Color criteria for individual gene tags are defined according to the
attributes of the HTP data, which usually include parameters describing the
relative expression level and data quality. Criteria are specified using logical
expressions (>, <, =, AND, OR, NOT, FOLDCHANGE > 3 AND CHANGECALL =
'I') (see Table 1). Color criteria for pathway tags are defined according to the
number (or percentage) of genes in the pathway that meet the criteria specified
for the individual gene tag (Fig. 1B).
The CRI files containing the microarray or other HTP data and selection
criteria are then loaded into the WPS program. Multiple CRI files, corresponding
to multiple HTP experiments, can be analyzed simultaneously. WPS first sorts
the HTP data into groups according to the criteria specified by the user. WPS
then retrieves the first gene in the pathway (PSCP), determines which set of
criteria it meets, and then assigns it the corresponding color code. This process
is then repeated sequentially for each gene in the pathway until every gene has
been assigned a color code. WPS then assigns a color code to each pathway in
the file according to the number (or percentage) of genes in the pathway that are
up- or down-regulated, as defined by the user.
Multiple pathways can be
analyzed and displayed at one time (see results). If data from multiple HTP
datasets are displayed on the same pathway, both pathway and gene tags are
viewed as discrete boxes (where each box represents data from one
experiment). WPS also provides the option of using a gradient of colors to reflect
the gene expression levels by the intensity of color (not shown).

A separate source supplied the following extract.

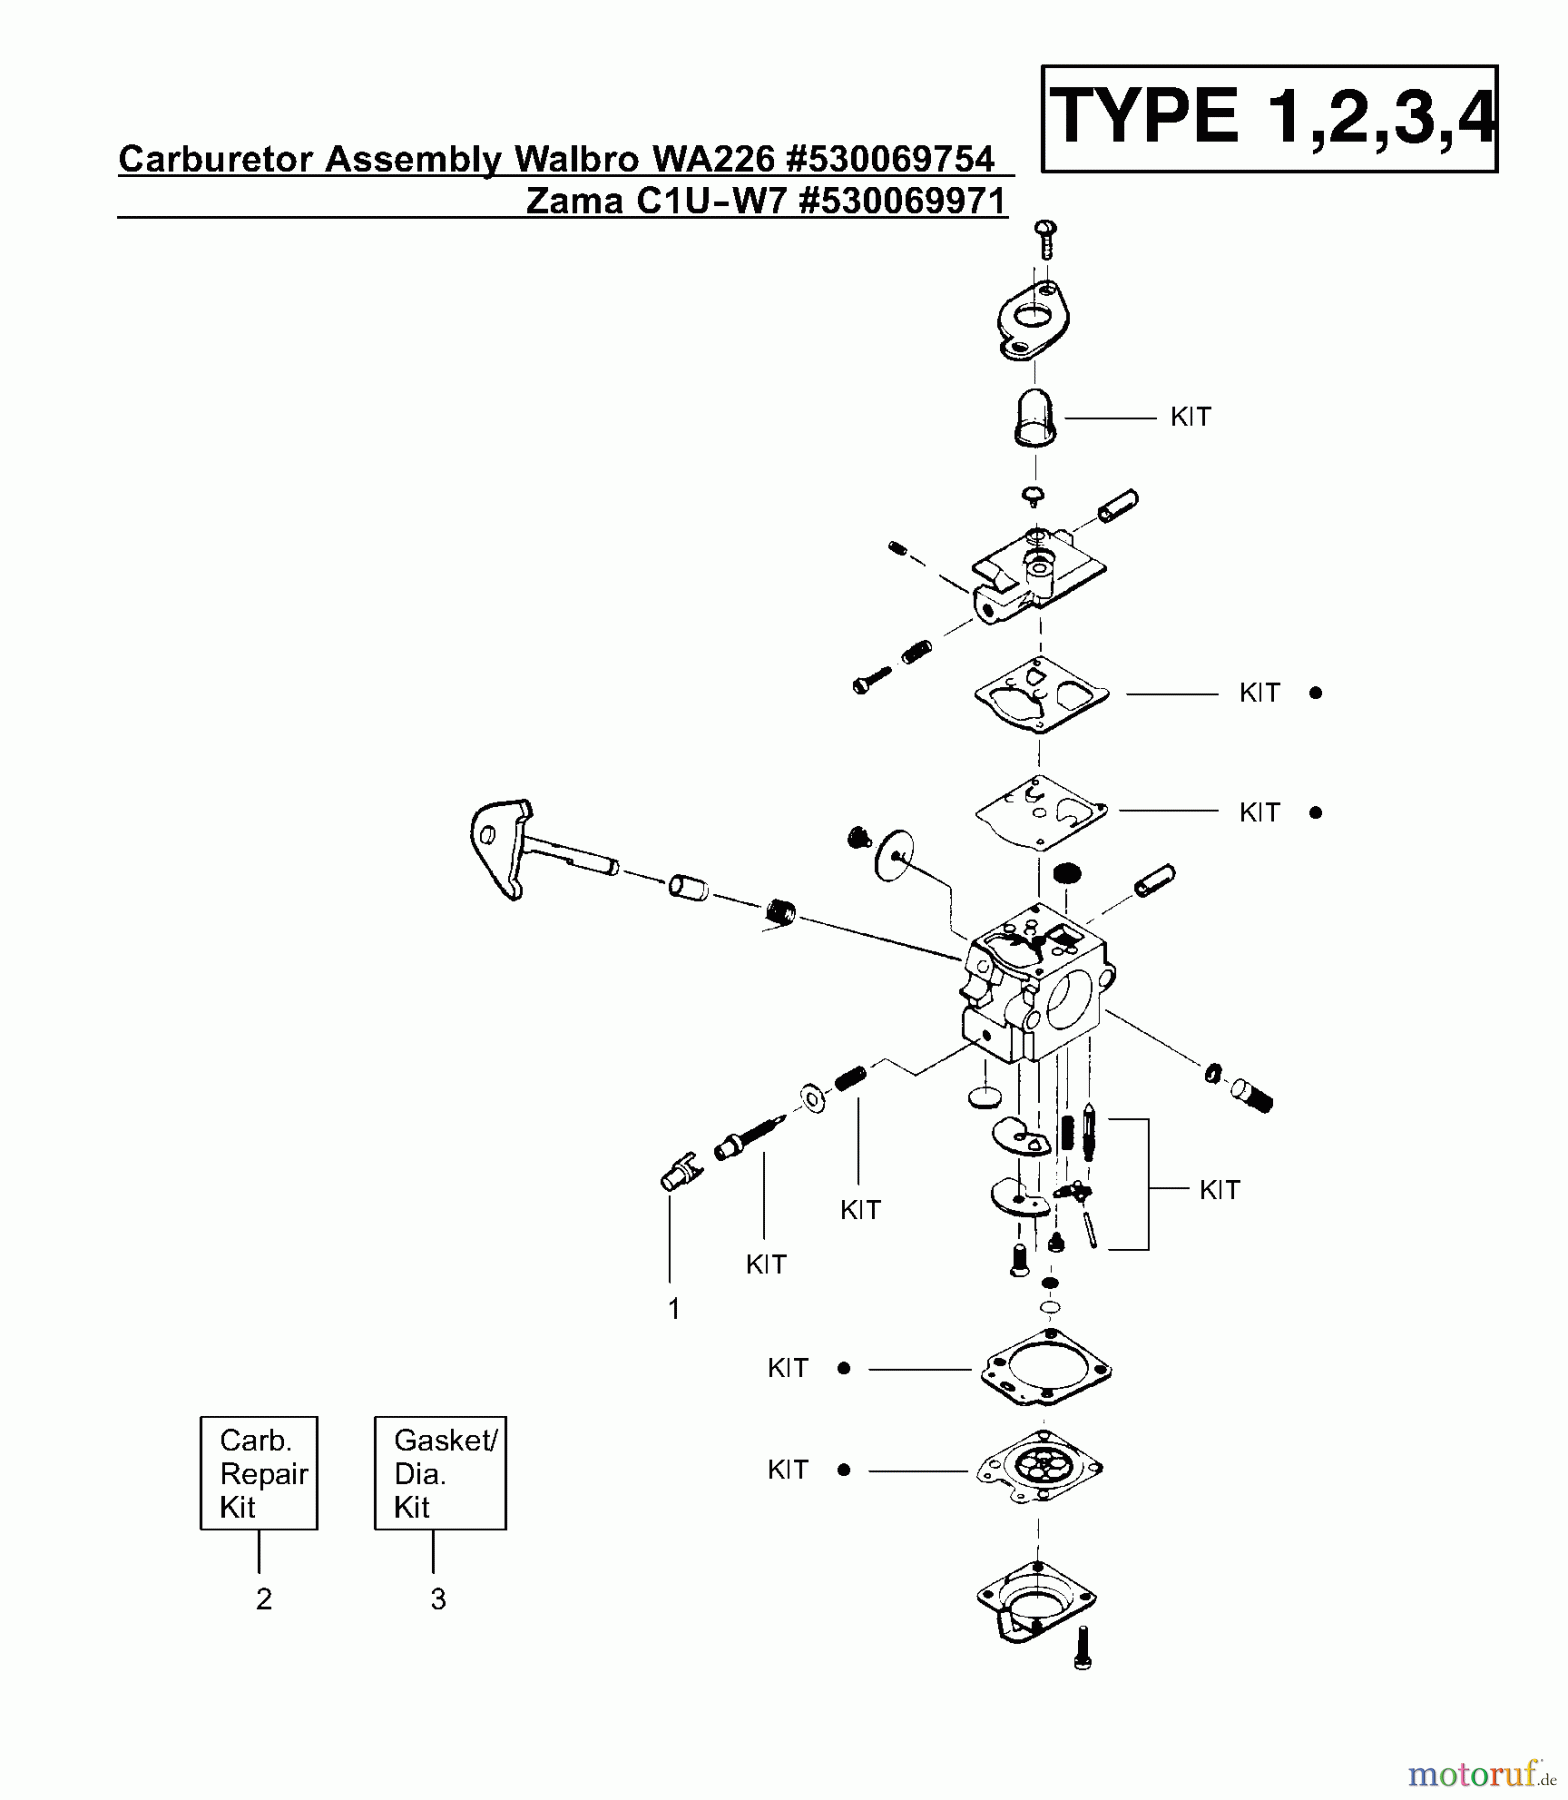  Poulan / Weed Eater Motorsensen, Trimmer XT400 (Type 1) - Weed Eater String Trimmer Carburetor Assembly (Walbro WA226) P/N 530069754, (Zama C1U-W7) P/N 530069971

Since many genes are detected by multiple probesets that co-exist in a
dataset in many microarray platforms, and their behaviors can be quite different.
In many cases, this reflects splicing variation under different physiological
conditions but could also reflect bad probeset design. It becomes critical how
these are handled. WPS handles such cases in multiple levels: 1) virtually
remove “bad” probesets during CRI criteria setting using quality call as a criteria
in addition to quantity data, 2) use hierarchical method to prioritize probesets and
use first matching criteria as the call for gene, 3) give user access to all
probesets for a particular gene in popup Data Details window, allowing them to
be aware of conflicts and apply their own handling rules, and 4) include each
gene only once in Fisher’s exact test evaluations. Together these steps give the
user considerable flexibility without sacrificing any data in this important and
evolving aspect of microarray analysis.